Given a tree of n nodes labelled from 0 to n - 1, and an array of n - 1 edges where edges[i] = [ai, bi] indicates that there is an undirected edge between the two nodes ai and bi in the tree, you can choose any node of the tree as the root. When you select a node x as the root, the result tree has height h. Among all possible rooted trees, those with minimum height (i.e. min(h))  are called minimum height trees (MHTs).

Return a list of all MHTs' root labels. You can return the answer in any order.

The height of a rooted tree is the number of edges on the longest downward path between the root and a leaf.

Example 1:

Input: n = 4, edges = [[1,0],[1,2],[1,3]]
Output: [1]
Explanation: As shown, the height of the tree is 1 when the root is the node with label 1 which is the only MHT.

Example 2:

Input: n = 6, edges = [[3,0],[3,1],[3,2],[3,4],[5,4]]
Output: [3,4]

Constraints:

• 1 <= n <= 2 * 104
• edges.length == n - 1
• 0 <= ai, bi < n
• ai != bi
• All the pairs (ai, bi) are distinct.
• The given input is guaranteed to be a tree and there will be no repeated edges.

超时:

class Solution:
    def findMinHeightTrees(self, n: int, edges: List[List[int]]) -> List[int]:
        """
        assert Solution().findMinHeightTrees(1, []) == [0]
        assert Solution().findMinHeightTrees(4, [[1, 0], [1, 2], [1, 3]]) == [1]
        assert Solution().findMinHeightTrees(6, [[3, 0], [3, 1], [3, 2], [3, 4], [5, 4]]) == [3, 4]

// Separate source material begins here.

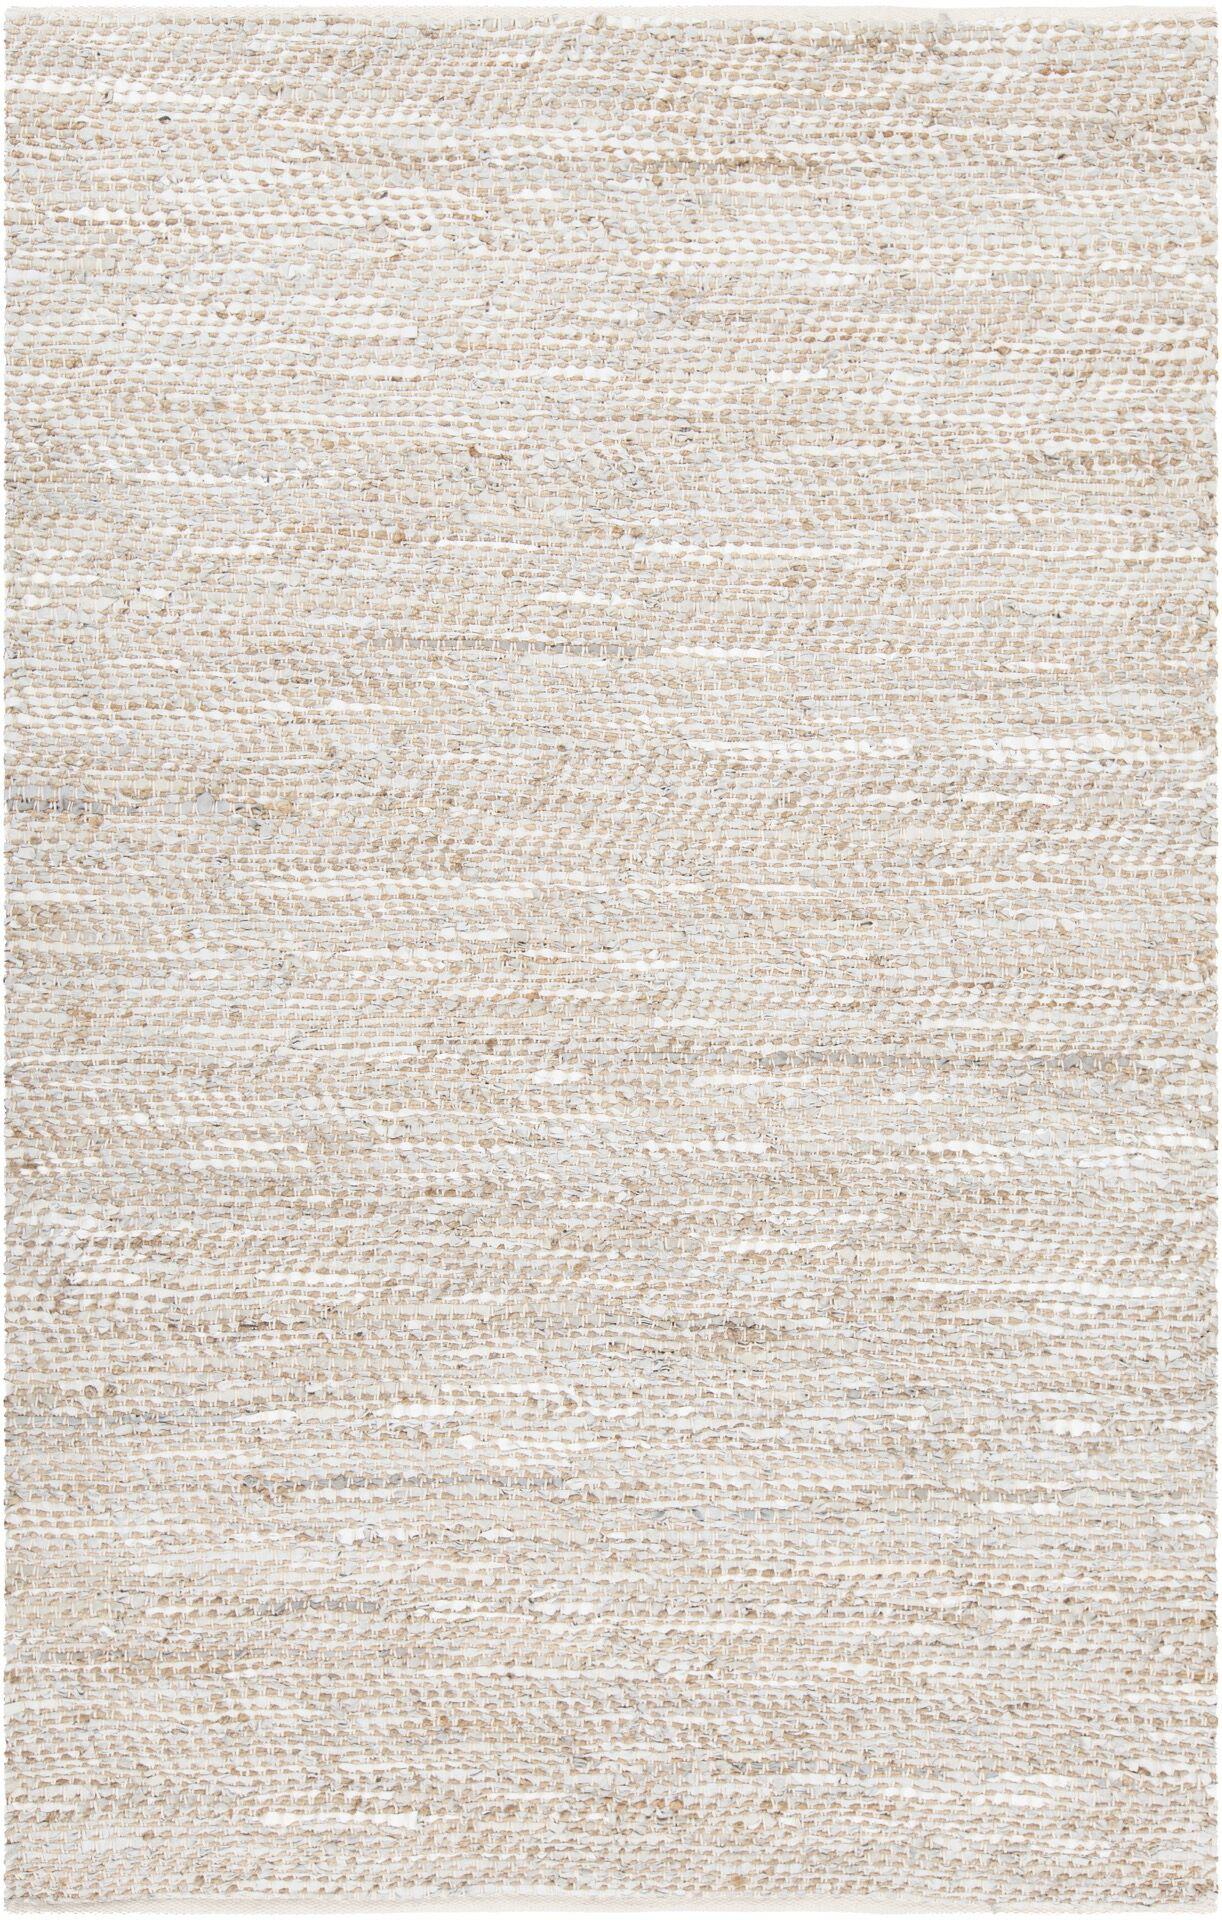 Polito Hand-Woven Silver Area Rug Rug Size: 5' x 7'6

        解题思路：题目保证为一棵树非联通图，依次对每个节点进行bfs，计算最长树高，最后遍历所有节点将结果存入数组
        """

        # 广度优先计算当前节点的最大树高
        def bfs(node: int):
            # 相邻节点
            nodeList = list(nodeEdge[node])
            flag = set()
            flag.add(node)
            h = 0
            while len(nodeList) > 0:
                length = len(nodeList)
                h += 1
                while length > 0:
                    length -= 1
                    curNode = nodeList.pop(0)
                    flag.add(curNode)
                    for nextNode in nodeEdge[curNode]:
                        if flag.__contains__(nextNode):
                            # 遍历过了
                            continue
                        flag.add(nextNode)
                        nodeList.append(nextNode)
            nodeH[node] = max(nodeH[node], h)

        # 节点下标连接的边
        nodeEdge = [[] for i in range(n)]
        for edge in edges:
            nodeEdge[edge[0]].append(edge[1])
            nodeEdge[edge[1]].append(edge[0])
        # 下标节点作为根节点最小的树高，初始0代表未初始化，题目保证是一棵树
        nodeH = [0] * n
        minH = sys.maxsize

        for i in range(n):
            bfs(i)
            minH = min(minH, nodeH[i])

        result = []
        for i in range(n):
            if nodeH[i] == minH:
                result.append(i)
        return result

 正解：

class Solution:
    def findMinHeightTrees(self, n: int, edges: List[List[int]]) -> List[int]:
        """
        assert Solution().findMinHeightTrees(1, []) == [0]
        assert Solution().findMinHeightTrees(4, [[1, 0], [1, 2], [1, 3]]) == [1]
        assert Solution().findMinHeightTrees(6, [[3, 0], [3, 1], [3, 2], [3, 4], [5, 4]]) == [3, 4]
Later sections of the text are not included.